Attempting to install from the 8.2-amd64 DVD ISO, burned to disk. I get as far as the sysinstaller main menu, then instantly get the "No disks found!" dialog box when I try to start any of the installs. Alt-F2 and Scroll-Lock get me to what look like probe results, which doesn't seem to have anything about the HDD or DVD, only the 4 removable-media devices, for which media cannot be found (correctly).

Since I can't get the OS running, I don't have the output of *dmesg* to share. Setting the "Debugging" option in the Options Editor doesn't help; the problem has already happened by the time I can turn this option on. I've tried the "Re-scan Devices" option, which gets me the "Probing devices..." message, which has been showing for about an hour now (please define "a while").
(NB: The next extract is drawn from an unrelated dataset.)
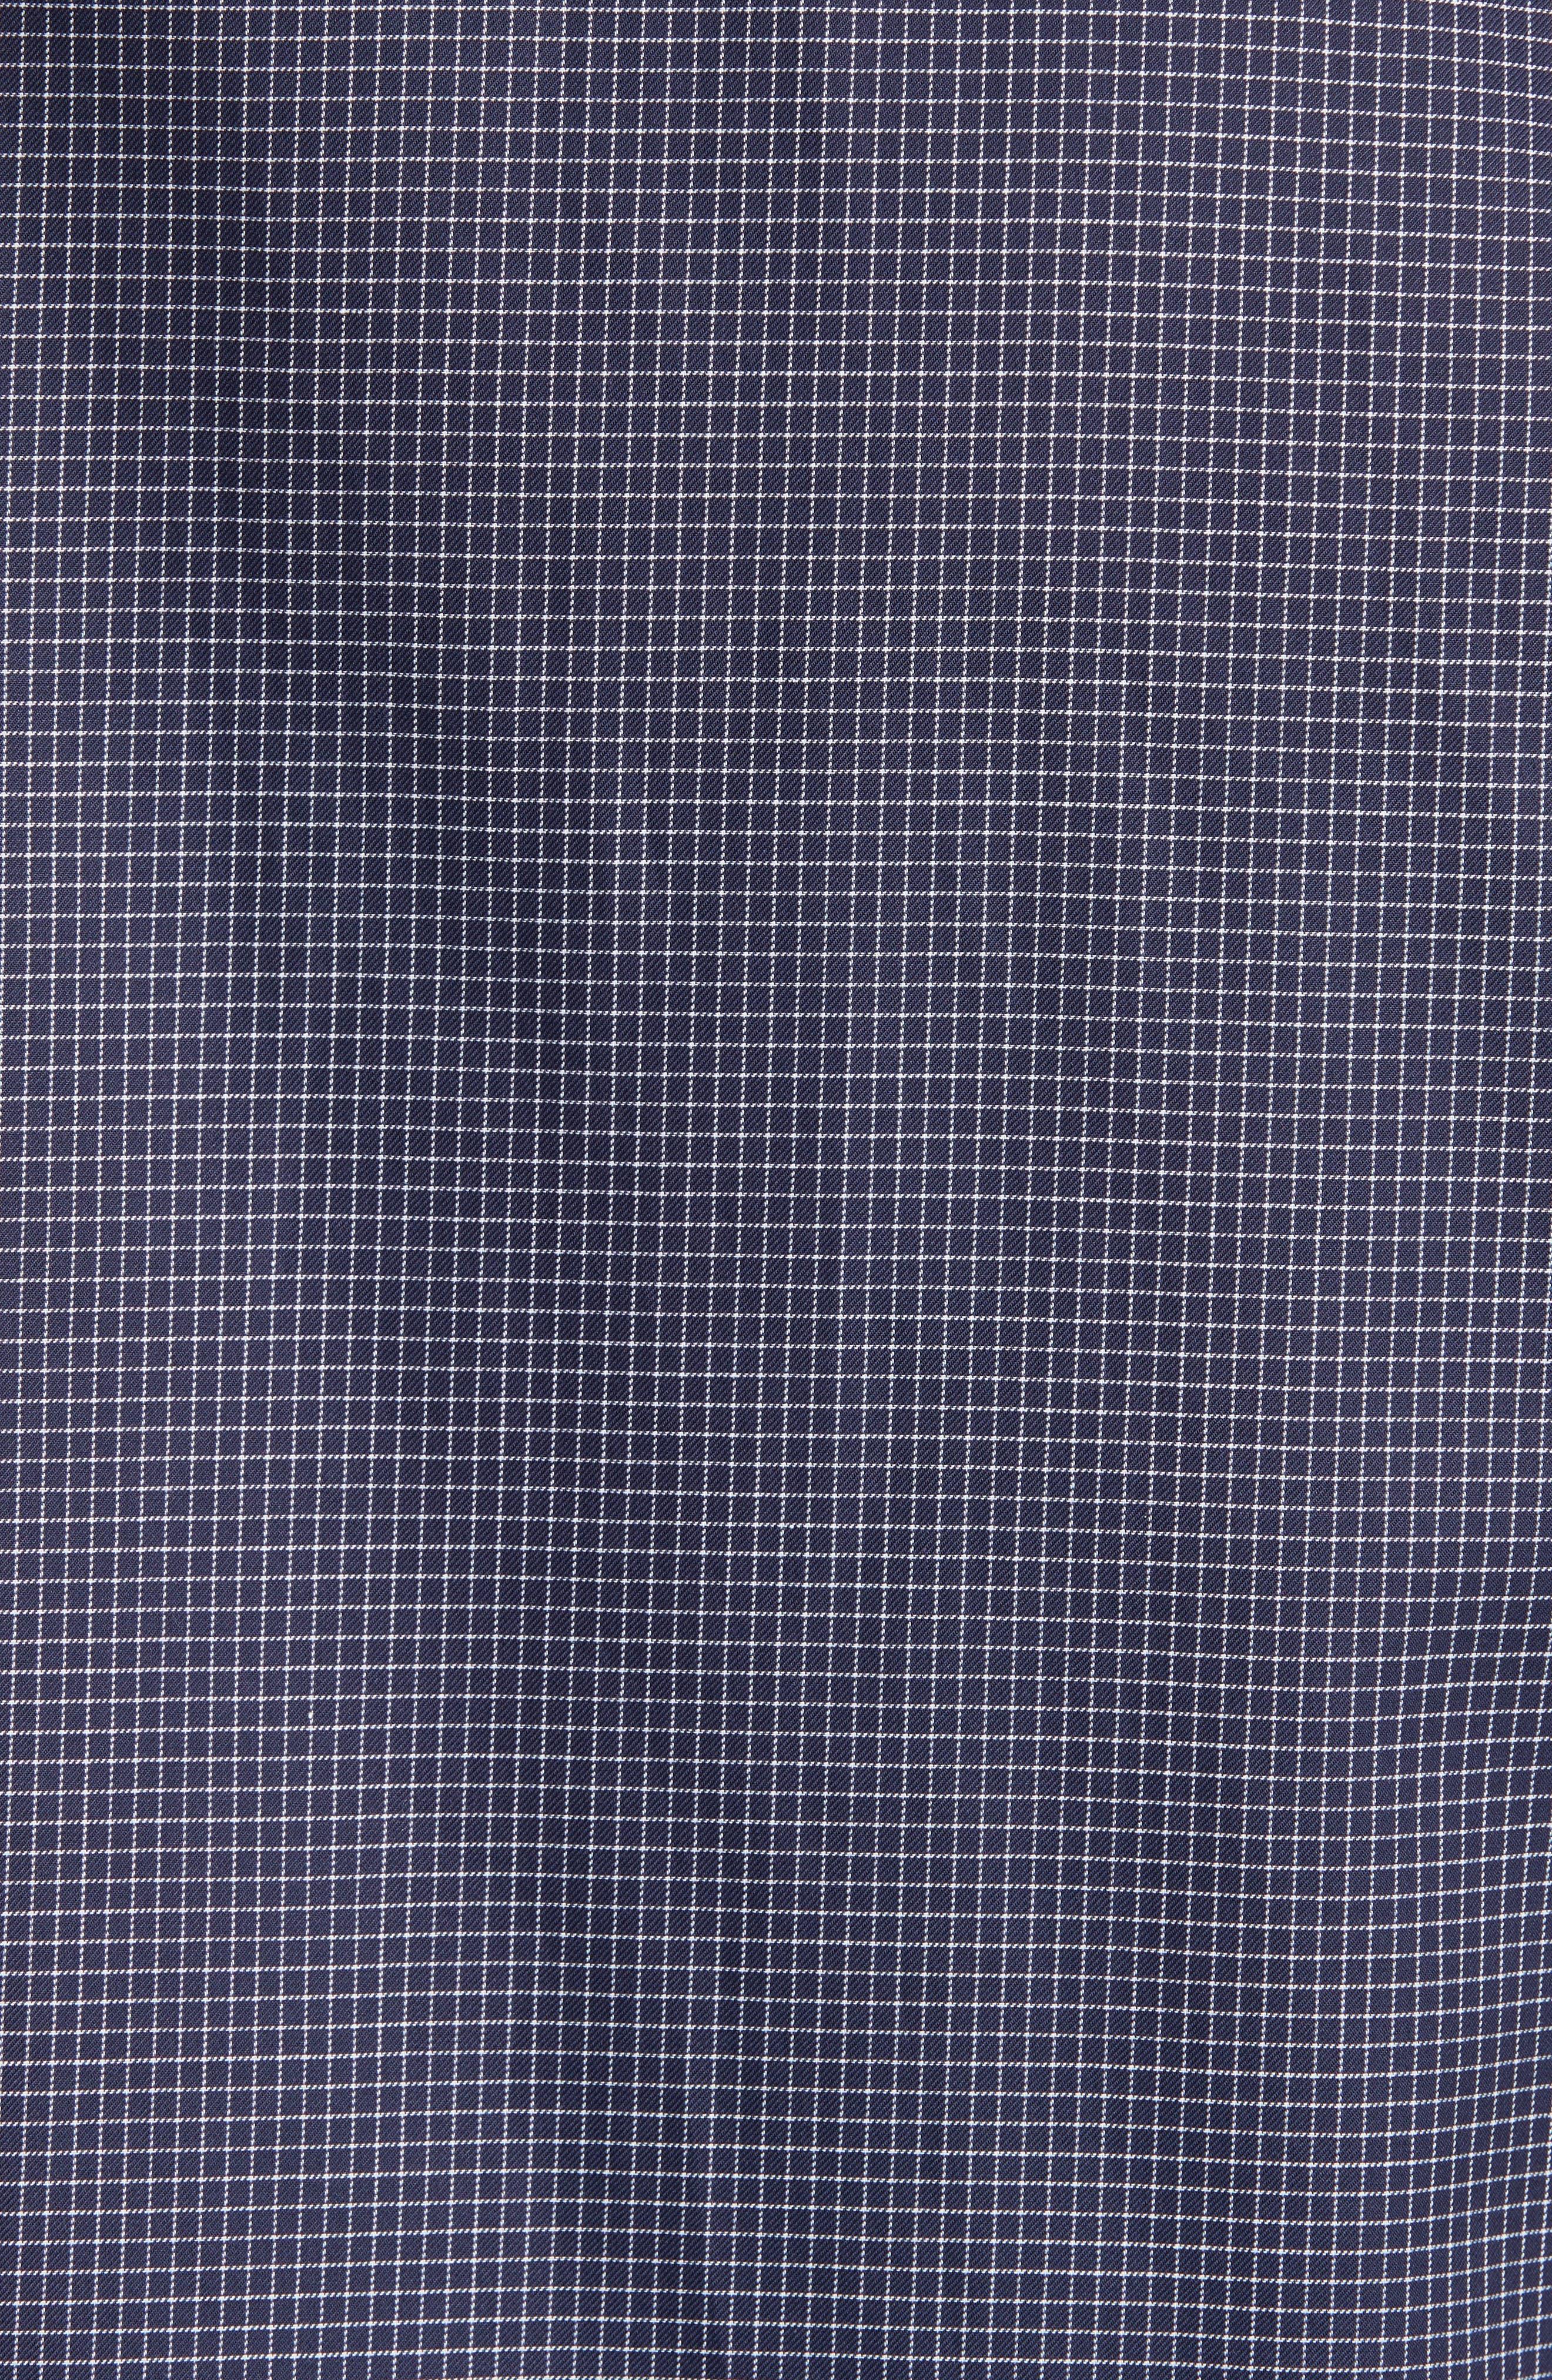 Alternate Image 5  - Armani Collezioni Slim Fit Grid Print Sport Shirt

The system is an HP desktop (p6709c), which has an Intel Core i5 2300 (4 cores), 4GB of DRAM, and an "Intel Cougar Point" chipset on its "Cleveland" (Pegatron) M/B. The "Intel Cougar Point" chipset provides the PCI bridge, the USB controller, the ISA bridge, the SMBus and the 6-port SATA AHCI controller.  The disk controller fronts a 1TB HDD and the DVD drive I'm using to boot FreeBSD from physical installation media.

No, it's not the "Cougar Point" chip bug.  The system came with Windows 7, and the first thing I did was reformat the disk and install Fedora 15 on it, which is working fine (but isn't what I need next). Having a working Fedora installation means (to me) my problem isn't broken hardware, and also means I can access the PCI bus and the HDD from another OS.

FreeBSD SVN commit 212193 to the stable-8 source tree back in Sep 2010 suggests this chipset is supported. I'm stumped on what to try next and would appreciate any suggestions...


----------



## murphstein (Jun 26, 2011)

Follow-up info...

The BIOS has the disk set for AHCI (not IDE, not RAID) mode.

The May 2011 FreeBSD 9.0-CURRENT amd64 image installs fine.


----------